People use the internet for various reasons. It turns out that one of the most popular categories of website is something that people typically consume in private. It involves curiosity, non-insignificant levels of self-indulgence and is centered around recording the reproductive activities of other people.
(Laughter) Of course, I'm talking about genealogy --
(Laughter) the study of family history.
When it comes to detailing family history, in every family, we have this person that is obsessed with genealogy. Let's call him Uncle Bernie. Uncle Bernie is exactly the last person you want to sit next to in Thanksgiving dinner, because he will bore you to death with peculiar details about some ancient relatives. But as you know, there is a scientific side for everything, and we found that Uncle Bernie's stories have immense potential for biomedical research.
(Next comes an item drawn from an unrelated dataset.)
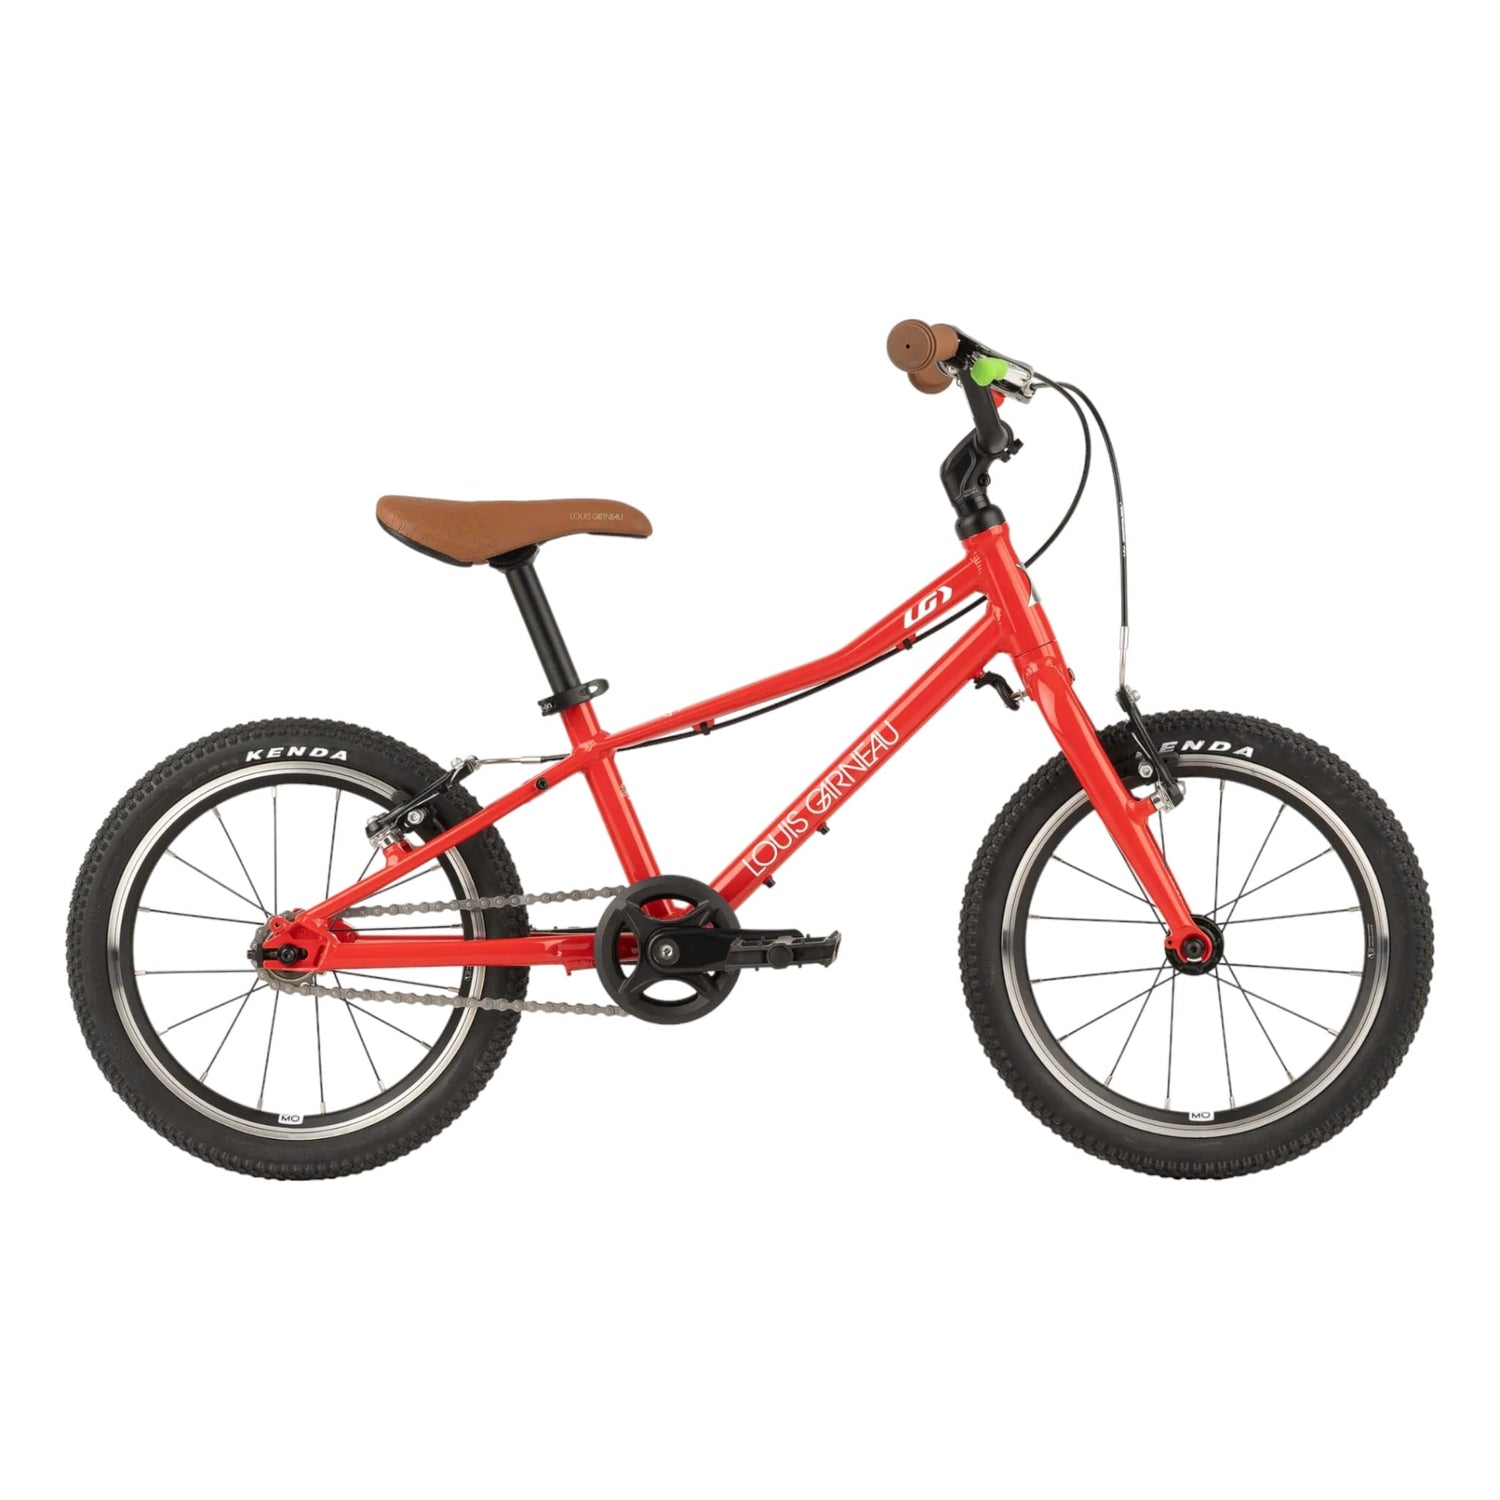 16" Kid’s bike – LG03 Junior Bike

We let Uncle Bernie and his fellow genealogists document their family trees through a genealogy website called geni.com. When users upload their trees to the website, it scans their relatives, and if it finds matches to existing trees, it merges the existing and the new tree together. The result is that large family trees are created, beyond the individual level of each genealogist. Now, by repeating this process with millions of people all over the world, we can crowdsource the construction of a family tree of all humankind.
Using this website, we were able to connect 125 million people into a single family tree. I cannot draw the tree on the screens over here because they have less pixels than the number of people in this tree. But here is an example of a subset of 6,000 individuals. Each green node is a person. The red nodes represent marriages, and the connections represent parenthood. In the middle of this tree, you see the ancestors. And as we go to the periphery, you see the descendants. This tree has seven generations, approximately.
Now, this is what happens when we increase the number of individuals to 70,000 people -- still a tiny subset of all the data that we have. Despite that, you can already see the formation of gigantic family trees with many very distant relatives.
Thanks to the hard work of our genealogists, we can go back in time hundreds of years ago. For example, here is Alexander Hamilton, who was born in 1755. Alexander was the first US Secretary of the Treasury, but mostly known today due to a popular Broadway musical. We found that Alexander has deeper connections in the showbiz industry. In fact, he's a blood relative of ... Kevin Bacon!
(Laughter)
Both of them are descendants of a lady from Scotland who lived in the 13th century. So you can say that Alexander Hamilton is 35 degrees of Kevin Bacon genealogy.
(Laughter)
And our tree has millions of stories like that.
We invested significant efforts to validate the quality of our data. Using DNA, we found that .3 percent of the mother-child connections in our data are wrong, which could match the adoption rate in the US pre-Second World War.
For the father's side, the news is not as good: 1.9 percent of the father-child connections in our data are wrong. And I see some people smirk over here. It is what you think -- there are many milkmen out there. (Laughter) However, this 1.9 percent error rate in patrilineal connections is not unique to our data. Previous studies found a similar error rate using clinical-grade pedigrees. So the quality of our data is good, and that should not be a surprise. Our genealogists have a profound, vested interest in correctly documenting their family history.
We can leverage this data to learn quantitative information about humanity, for example, questions about demography. Here is a look at all our profiles on the map of the world. Each pixel is a person that lived at some point. And since we have so much data, you can see the contours of many countries, especially in the Western world. In this clip, we stratified the map that I've showed you based on the year of births of individuals from 1400 to 1900, and we compared it to known migration events. The clip is going to show you that the deepest lineages in our data go all the way back to the UK, where they had better record keeping, and then they spread along the routes of Western colonialism. Let's watch this. (Music) [Year of birth: ] [1492 - Columbus sails the ocean blue] [1620 - Mayflower lands in Massachusetts] [1652 - Dutch settle in South Africa] [1788 - Great Britain penal transportation to Australia starts] [1836 - First migrants use Oregon Trail] [all activity]
I love this movie.
Now, since these migration events are giving the context of families, we can ask questions such as: What is the typical distance between the birth locations of husbands and wives? This distance plays a pivotal role in demography, because the patterns in which people migrate to form families determine how genes spread in geographical areas. We analyzed this distance using our data, and we found that in the old days, people had it easy. They just married someone in the village nearby. But the Industrial Revolution really complicated our love life. And today, with affordable flights and online social media, people typically migrate more than 100 kilometers from their place of birth to find their soul mate.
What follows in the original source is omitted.